What is an Automated Insulin Delivery System?

Medically reviewed by Dr. Jordan Pinsker, Vice President & Medical Director, Tandem Diabetes Care.

Type 1 and type 2 diabetes both revolve around how the body does or doesn’t use insulin. In some instances, there is crossover between managing type 1 diabetes and type 2 diabetes.

For example, someone living with type 2 diabetes (insulin resistance) may try adjustments to diet, a change in lifestyle, or non-insulin medications to try and treat type 2 diabetes before moving directly to insulin.

Because type 1 diabetes (insulin dependence) is an autoimmune disease, it requires daily insulin therapy.


Learn more about the differences between type 1 and type 2 diabetes.


Someone living with type 1 diabetes has several options for their daily insulin therapy. They can administer insulin through injections, pens, inhaled insulin, or by using an insulin pump.

One of the major advancements in managing diabetes is using an automated insulin delivery (AID) system.

This article will provide an overview of automated insulin delivery and how it can benefit children or adults with type 1 diabetes.
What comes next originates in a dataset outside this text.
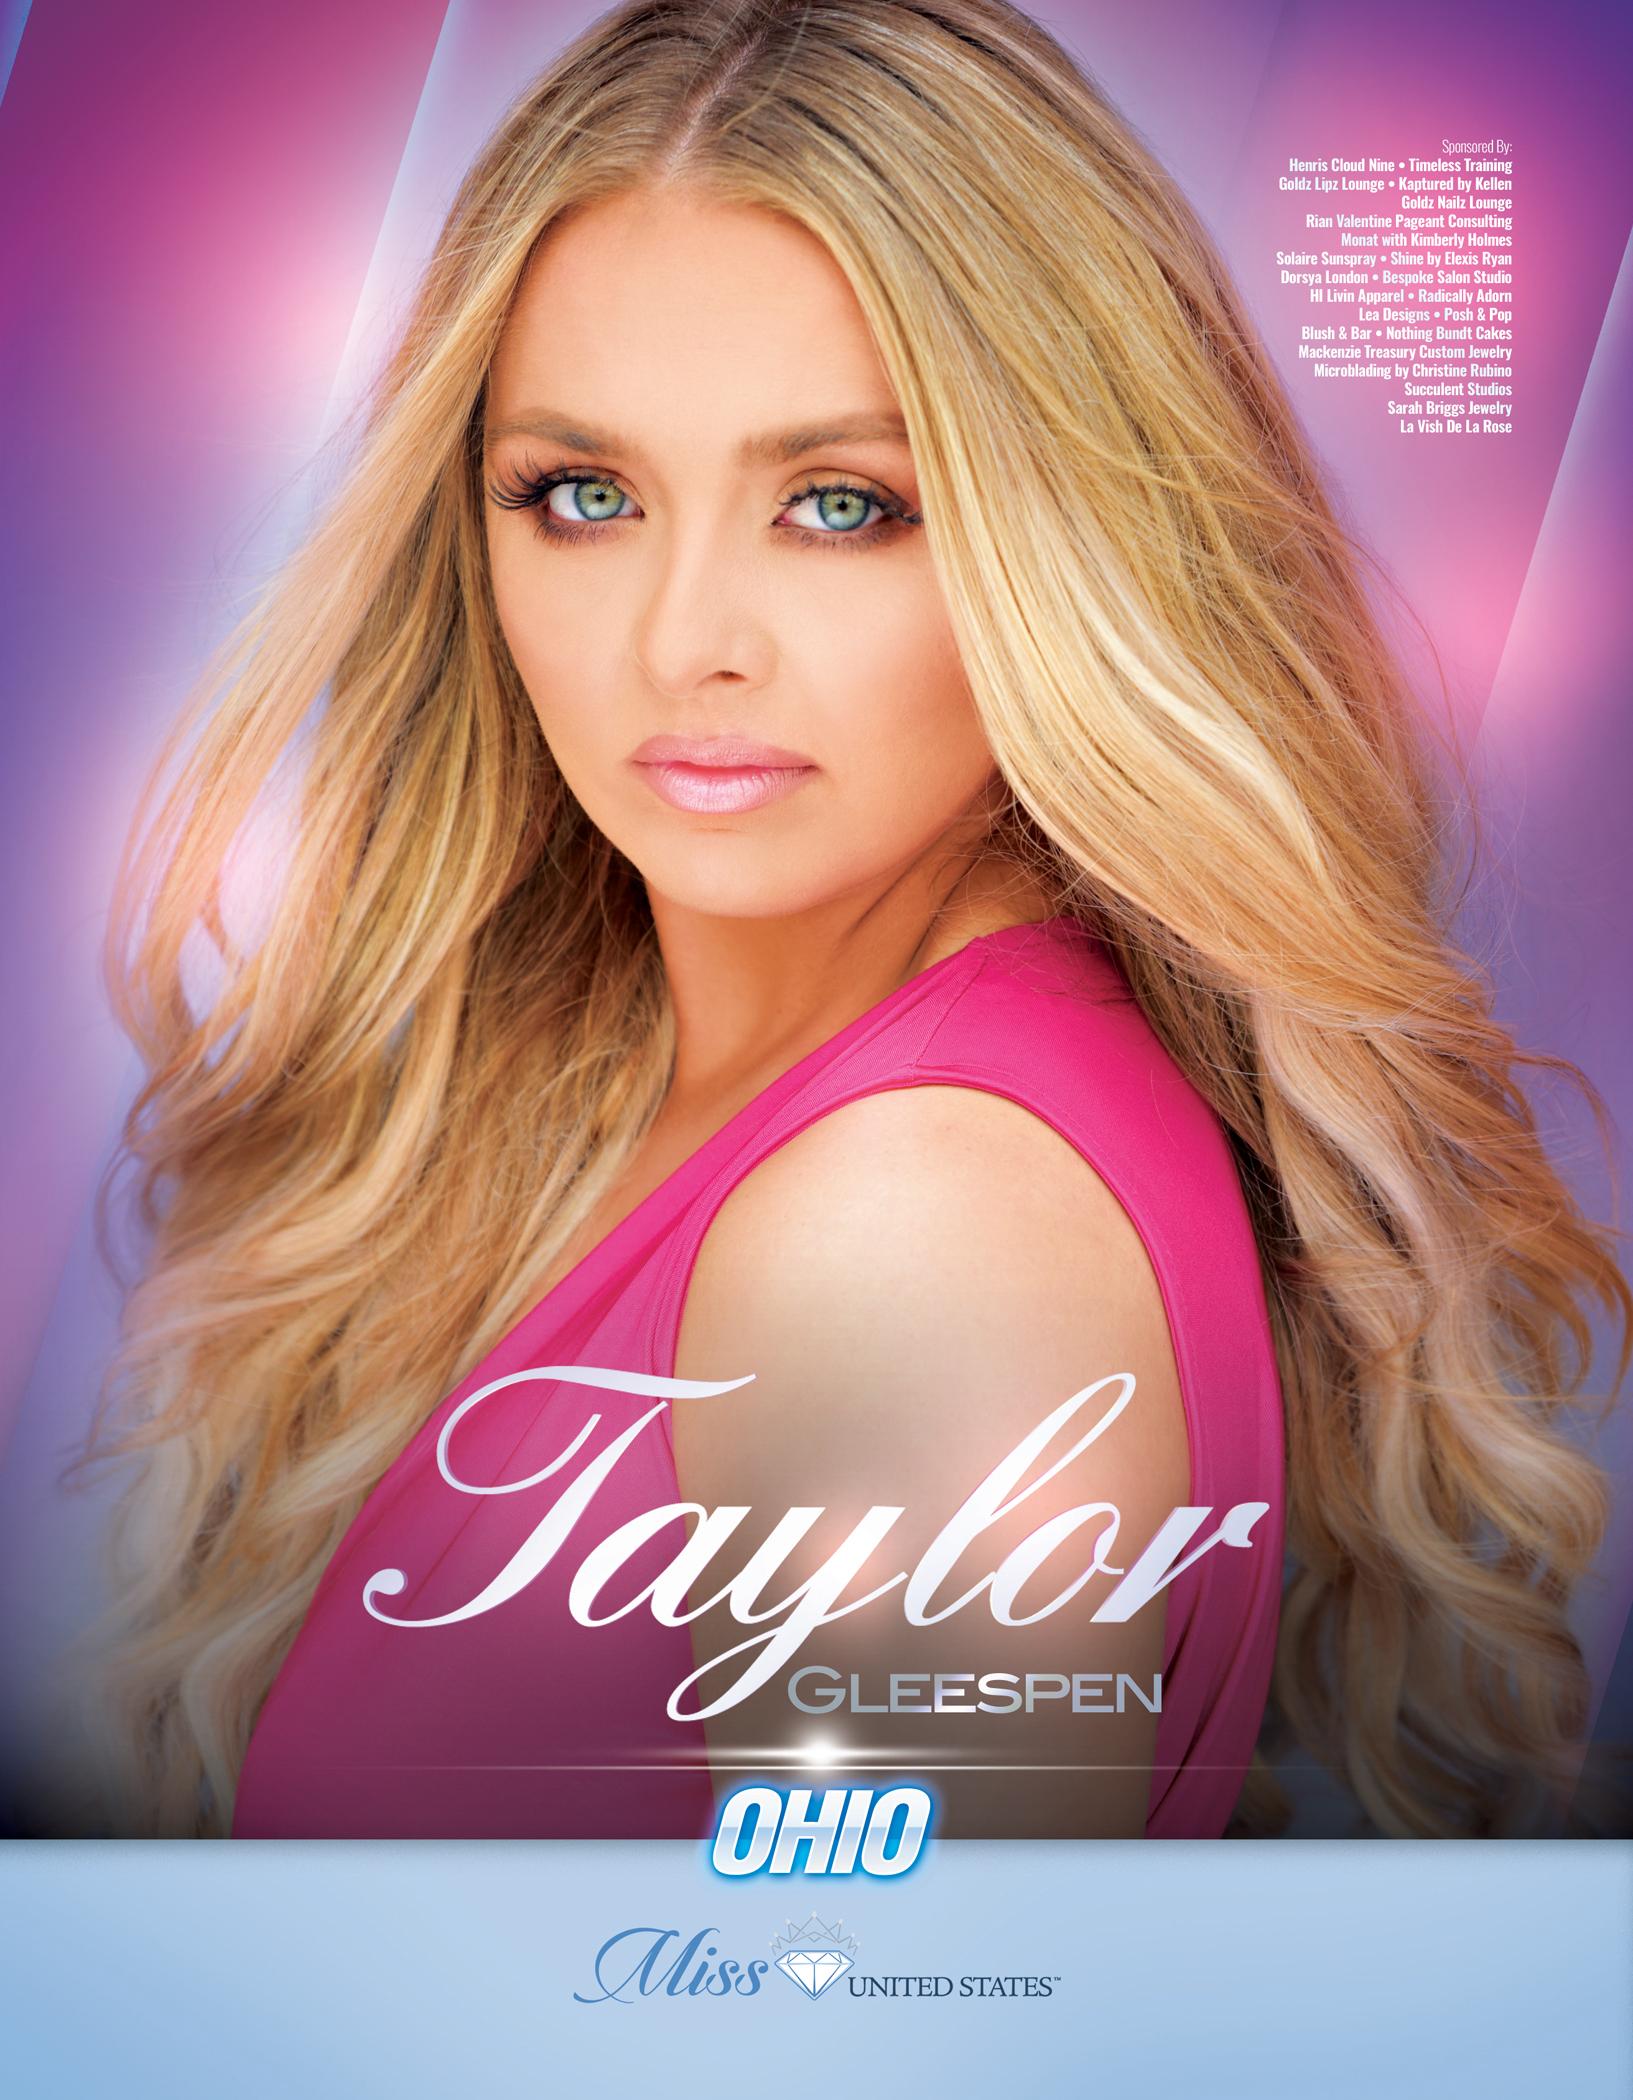 Taylor Gleespen Miss Ohio United States - 2019

It will also give an overview of other ways to manage type 1 diabetes.

What is Automated Insulin Delivery?

One of the newest advancements for managing type 1 diabetes in children and adults is through the use of an automated insulin delivery system — also called an AID system. An automated insulin delivery system for managing diabetes is made up of three components — an insulin pump, a continuous glucose monitoring (CGM) sensor, and an algorithm that can predict glucose levels and automatically dose insulin.

A CGM will deliver real-time glucose readings to the insulin pump via Bluetooth® connectivity. The algorithm — which is predictive software within the insulin pump — will use those CGM sensor readings to determine whether to administer insulin or suspend insulin.
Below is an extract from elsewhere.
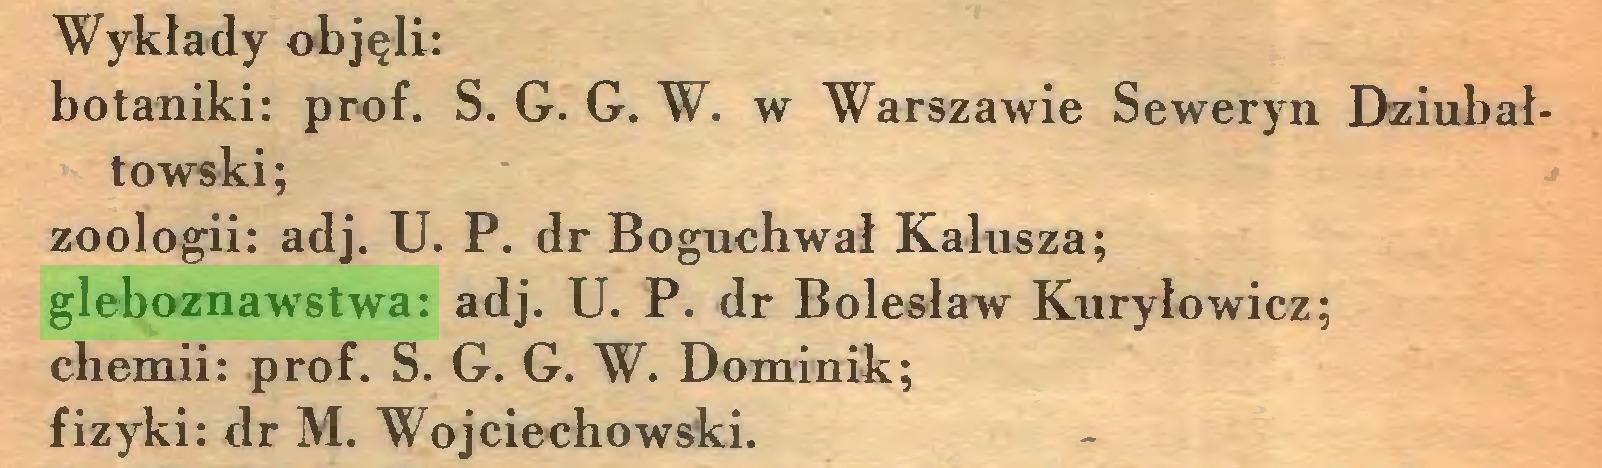 (...) Wykłady objęli: botaniki: prof. S. G. G. W. w Warszawie Seweryn Dziubałtowski; zoologii: adj. U. P. dr Boguchwał Kałusza; gleboznawstwa: adj. U. P. dr Bolesław Kuryłowicz; chemii: prof. S. G. G. W. Dominik; fizyki: dr M. Wojciechowski...

Sometimes this is referred to as a “closed-loop system.” It has also been referred to as an “artificial pancreas” because the system aims to mimic how the pancreas would adjust to glucose levels.


Learn more about insulin pumps with an advanced hybrid closed-loop system.


“Automated insulin delivery systems are constantly adjusting things in the background every five minutes,” said Dr. Jordan Pinsker, Vice President and Medical Director for Tandem Diabetes Care, who is also a renowned pediatric endocrinologist. “By doing this, the system can react far faster than a person and really reduce the burden of diabetes management. For example, the system can help you to get a good night’s sleep, so you don’t have to worry about your blood sugar all night long.”

This can be particularly helpful for sleeping with diabetes or for the parent of a child with type 1 diabetes.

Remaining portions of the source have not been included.